* **EXERCISE**:
Give the data below again exactly as it stands. Omit the pictures.

* **GIVEN DATA**:

○ ○ ○

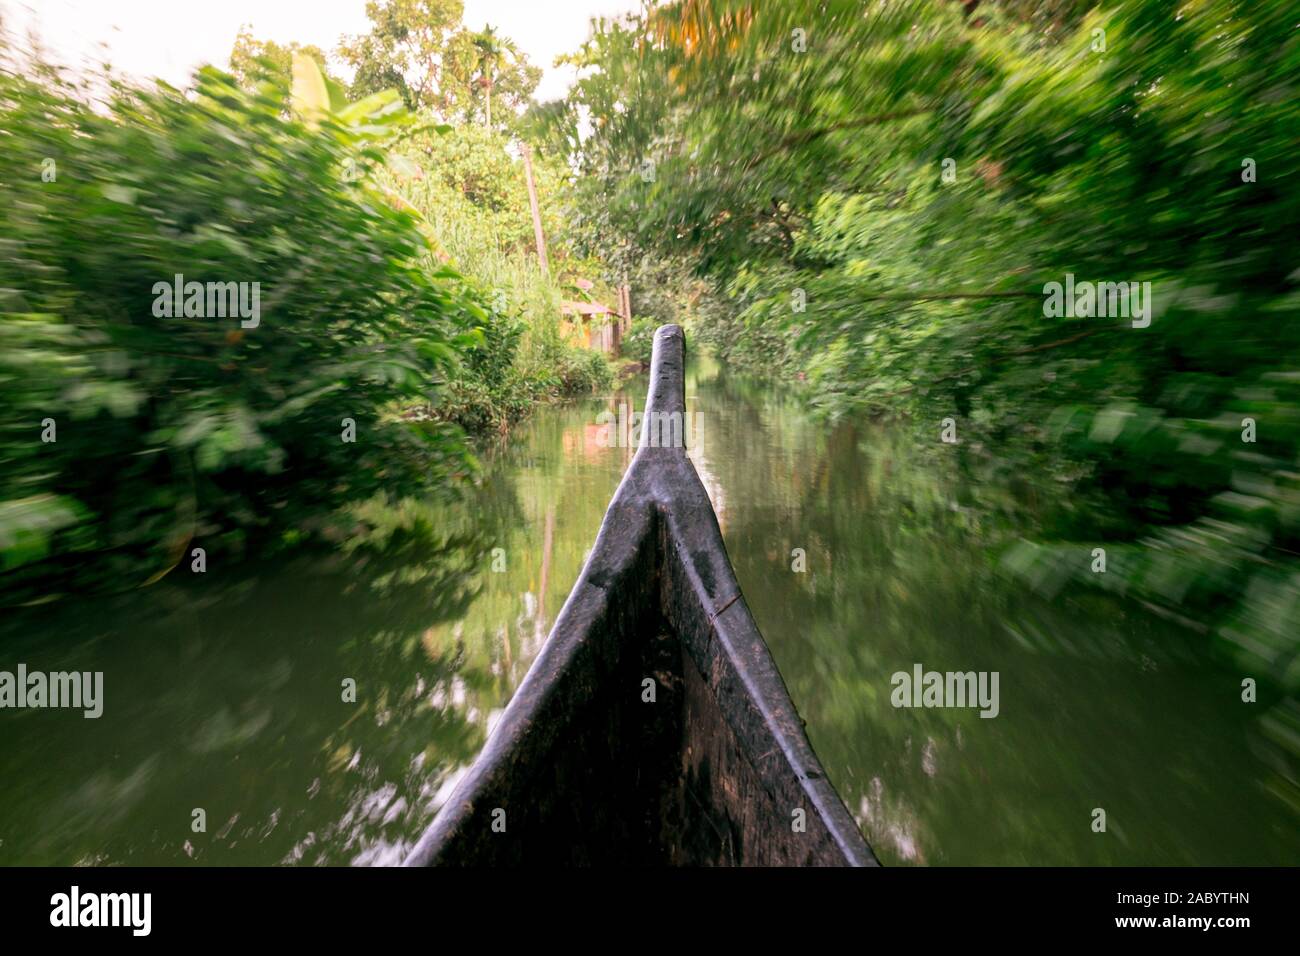 riding wood fishing boat in kerala backwaters village water channel under palm trees, a pristine natural environment during monsoon season Stock Photo
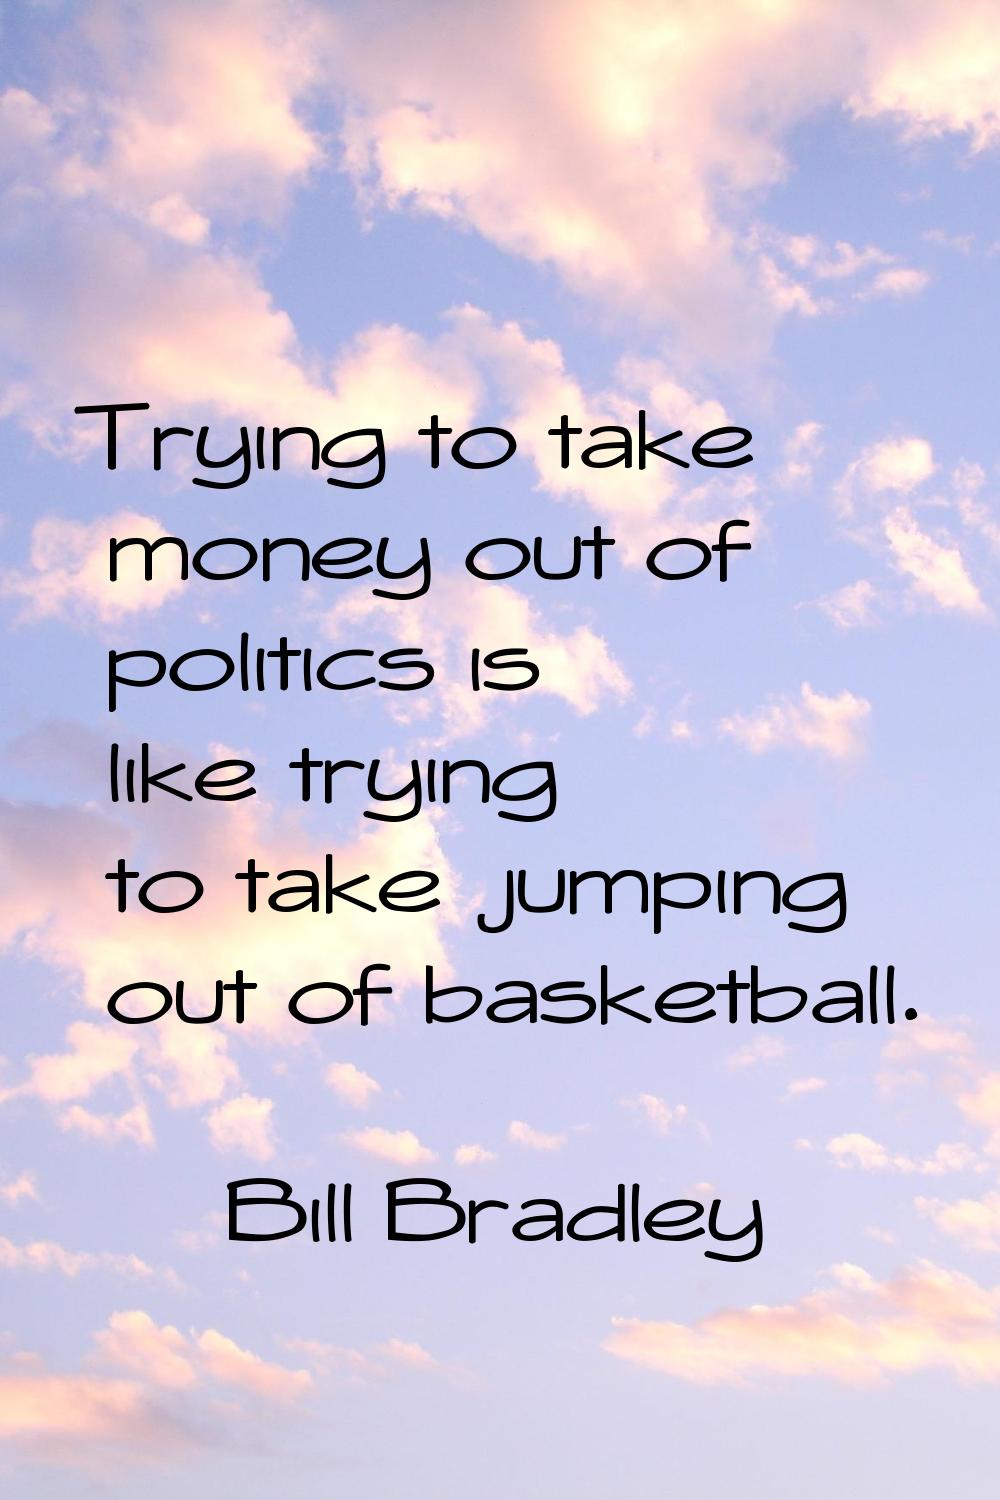 Trying to take money out of politics is like trying to take jumping out of basketball.
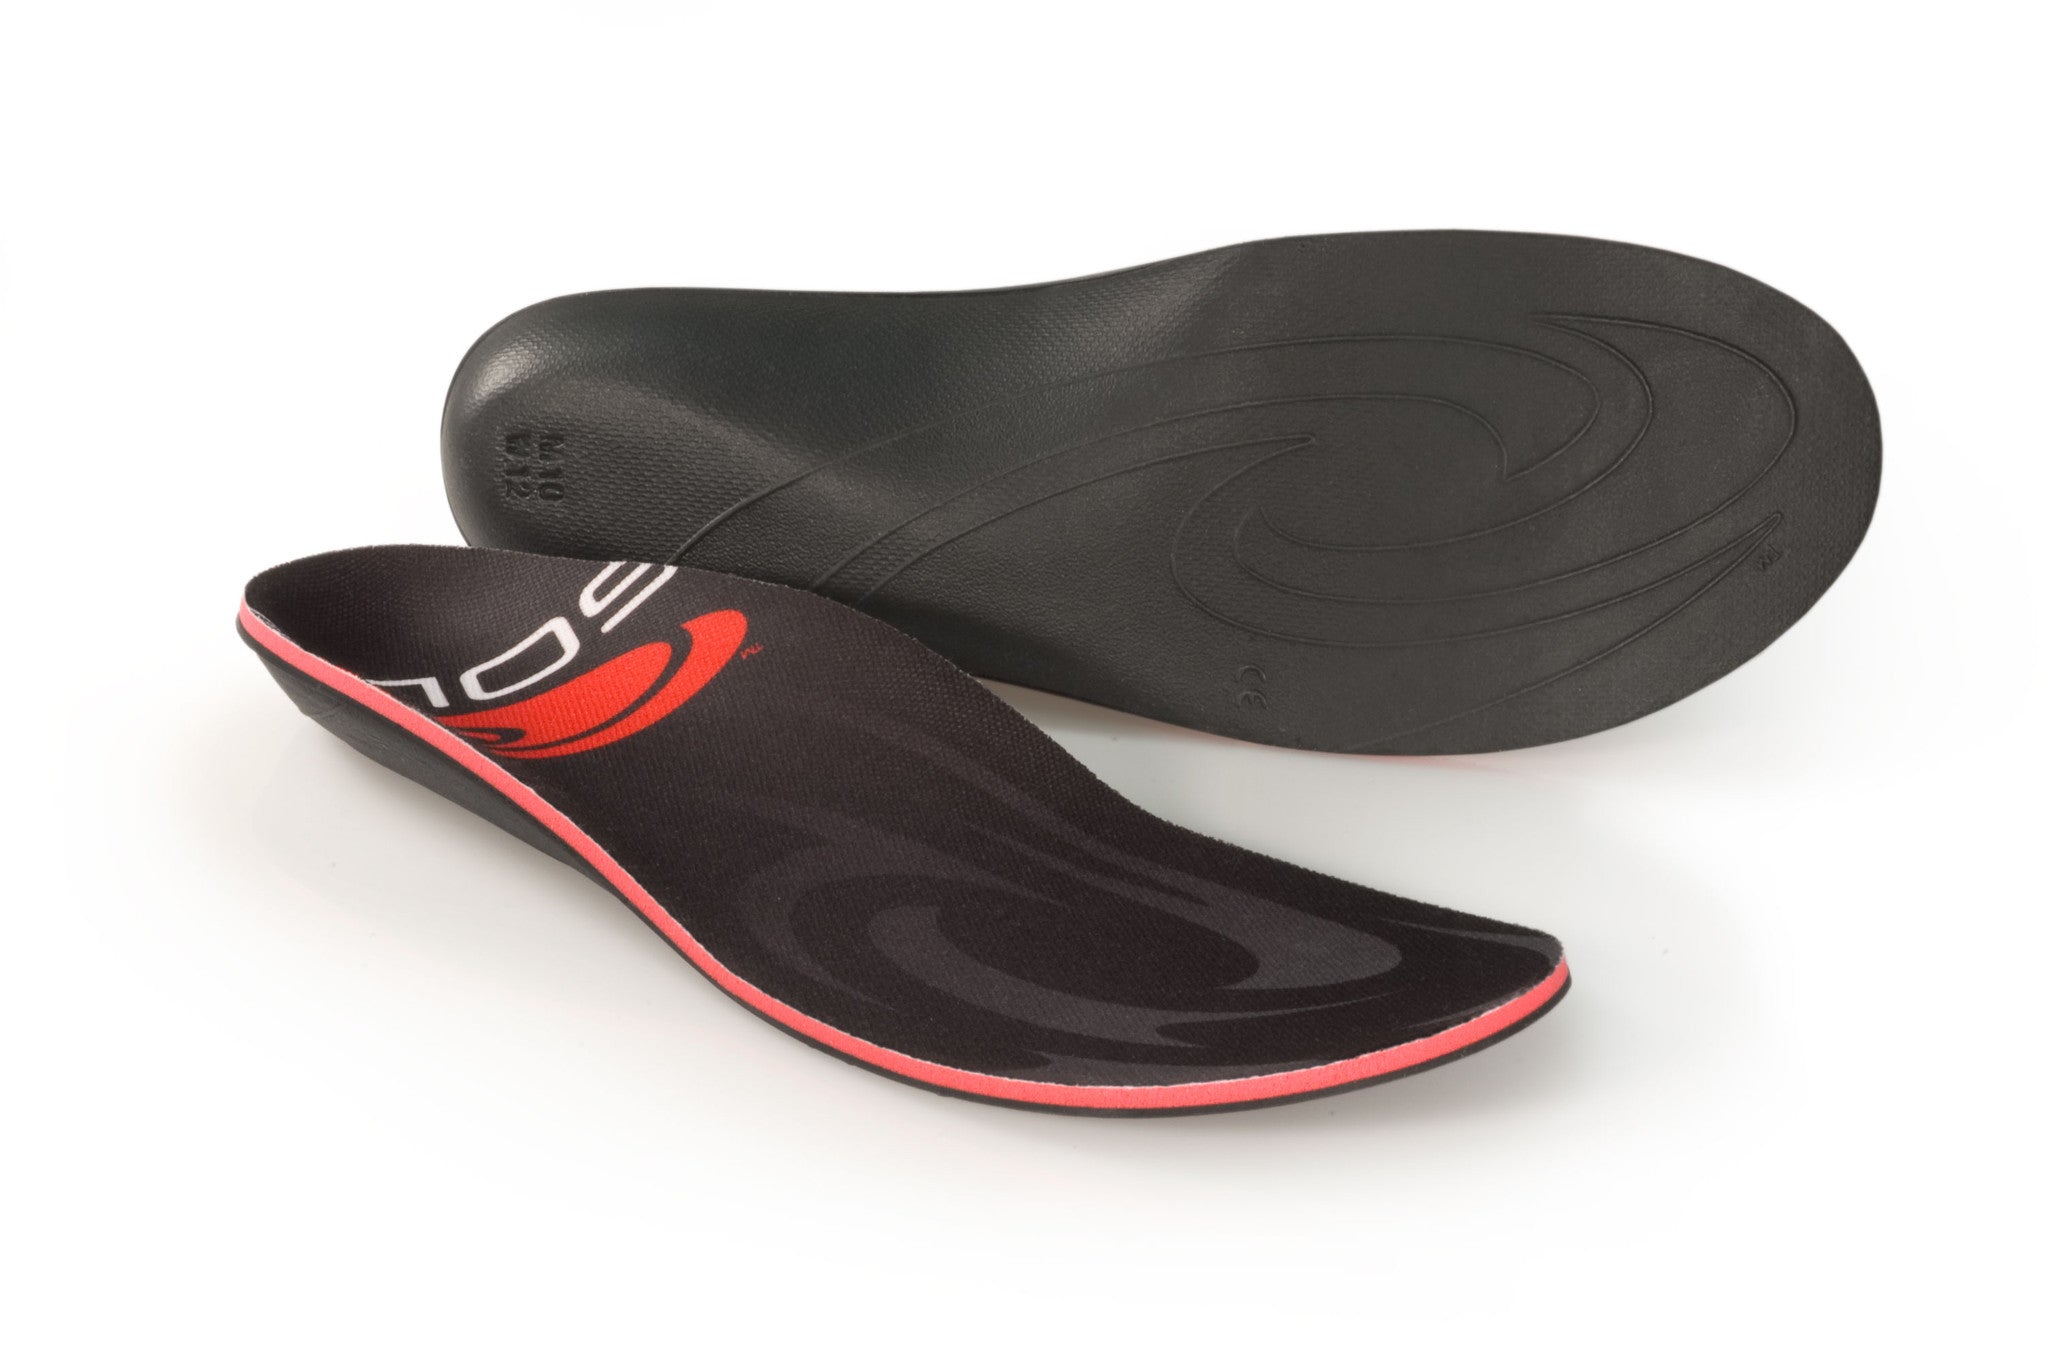 Insoles and Beyond's SOLE SOFTEC ULTRA

○ ○ ○

* **ANSWER TO THIS TASK**:
 riding wood fishing boat in kerala backwaters village water channel under palm trees, a pristine natural environment during monsoon season Stock Photo
 Trying to take money out of politics is like trying to take jumping out of basketball.
 Insoles and Beyond's SOLE SOFTEC ULTRA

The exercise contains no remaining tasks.